It's the scale of it that leads to The Fear

Aug 10, 2007 10:30


This morning's Marketplace Morning Report had an interesting bit of information: the US mortgage loan market is $10.4 trillion, of which $2.6 trillion is that oft-mentioned "sub-prime" category, or roughly 25% of the total. So, who is holding the notes for all that debt? Uh, looks like almost everyone, but no one is sure, hence The Fear which is causing people to shout, "Sell! Sell!" into their stockbroker's ears.

After all, with a number that big, how could it not be everyone?

This is a variant of The Fear that you've invested in the one insurance company that insures everyone in San Francisco when The Big One hits, or that underwrites hurricane insurance for everyone in Miami when a Category 5 is bearing down on the city. The question is twofold: what percentage of the sub-prime loans are bad debt (unlikely to be repaid), and who's got 'em in their investment portfolios? Until the answers become clear, The Fear will be with us.

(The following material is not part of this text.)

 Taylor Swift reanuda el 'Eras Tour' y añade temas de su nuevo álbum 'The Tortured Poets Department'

One bit of bad news: the recent low point for the Fed funds interest rate was 0.98 in December of 2003. Debtors who took out 5/1 ARMs in 2002 (or refinanced then) are seeing their loan interest rates adjust upward for the first time, now, but the easy, cheap money continued to be available for quite some time thereafter, and one presumes that many more such loans were written.

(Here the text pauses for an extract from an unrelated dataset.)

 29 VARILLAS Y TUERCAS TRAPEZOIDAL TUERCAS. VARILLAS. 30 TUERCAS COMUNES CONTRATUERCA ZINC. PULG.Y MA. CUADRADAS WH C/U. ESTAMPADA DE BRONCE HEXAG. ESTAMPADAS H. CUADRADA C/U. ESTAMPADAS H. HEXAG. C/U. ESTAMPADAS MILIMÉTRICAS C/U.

I did a quick search looking for mortgage loan default rates, but didn't find anything of any depth or recent provenance. Plus, the default rate is going to vary a lot, even within the "sub-prime" mortgage market because it depends on how much risk was taken on in each loan. How much did they put into a downpayment? What kind of mortgage loan? Which real estate market? What are the economic conditions in the industry that the primary breadwinner works in? Lots and lots of variables that feed into the risk calculation.

This is when we find out which of the risk managers are worth what they're paid.

Hang on, it's going to (continue to) be a wild ride.